# My Nissan's Rollin!



## ready2hunt (Aug 28, 2013)

Hi all! So in the past 3 months, I have devoted every free hour to my 1986 Nissan 720 4x4. I haven't posted much here, but have learned tons from trolling and reading. For the most part, I have done the following, 3" body lift, 3" suspension lift, new shocks, new timing chain, cam sprocket, crank sprocket, tensioner, guides, weber carb, plugs, wires, exhaust, steering column, battery, seats, door panels, counsel, carpet, clutch, slave cylinder, throw out bearings, roll pan, tires and wheels, tons of miscellaneous parts. 

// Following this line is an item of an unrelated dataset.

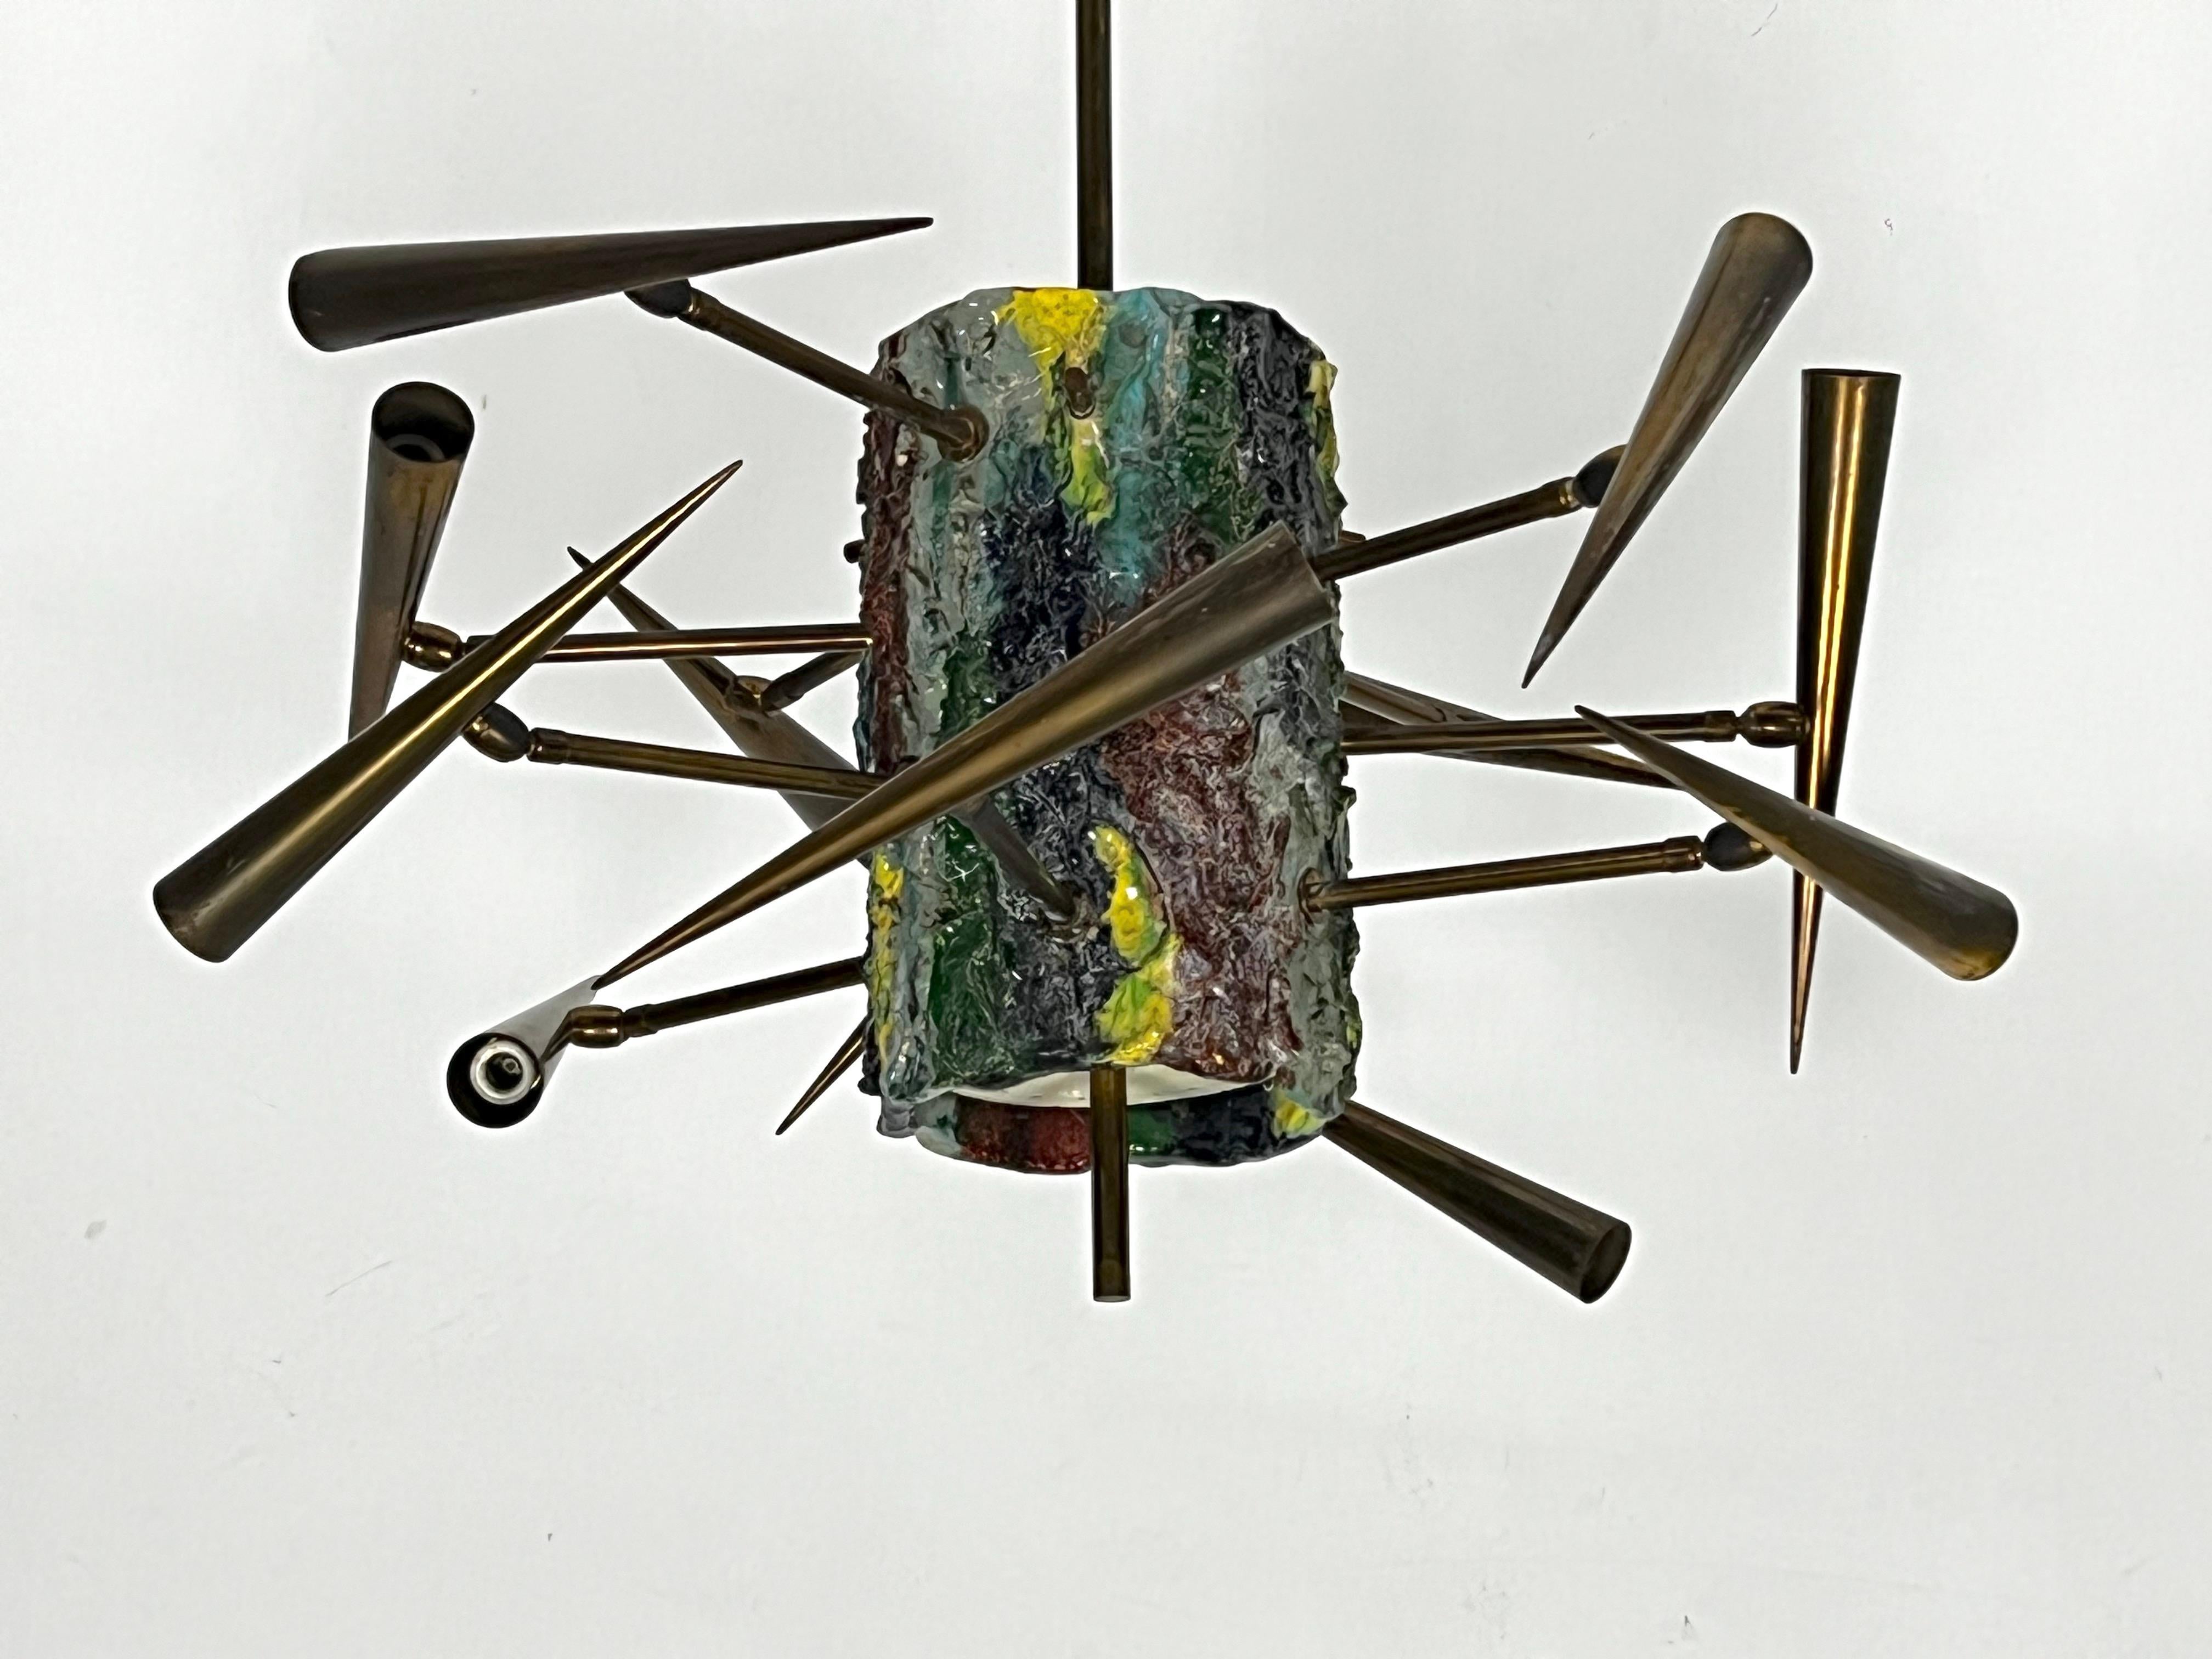 Mid-Century Sculptural chandelier composed of a ceramic painted cylinder and 12 brass arms with orientable cones. Made by thewell know Italian sculptor Leoncillo Leonardi in 1952.
Unaltered vintage condition with normal trace of age and use.

I have attached a before and after photo, for anyone that cares.

Before









After









I do have a question, and hopefully someone will chime in. It does have some valve noise, at all time, no biggie. Maybe an adjustment will cure that, but I'm not really worried, sounds like a 22R. BUT, when I get it at a high rpm, or if I'm at a higher rmp in 3rd gear and feather the throttle, I get a different type of clatter. I do believe it's valve clatter, but not sure. It sounds KIND OF like rods, but it's in the top end, and usually at high rpm. Will adjusting the valve lash help that, or is it something more? It has 202k on it, and other than that, it runs great. I do have another truck, bad bottom end, with only 174k on it, and am possibly think about just doing a head swap.....

What do you guys think about the high rmp clatter?


----------



## smj999smj (Jan 1, 2006)

it's hard to say without being able to hear the noise for oneself. Adjusting the valves is pretty easy on that engine (easier before you lifted it!), so I would suggest starting there and see if the noise goes away.


----------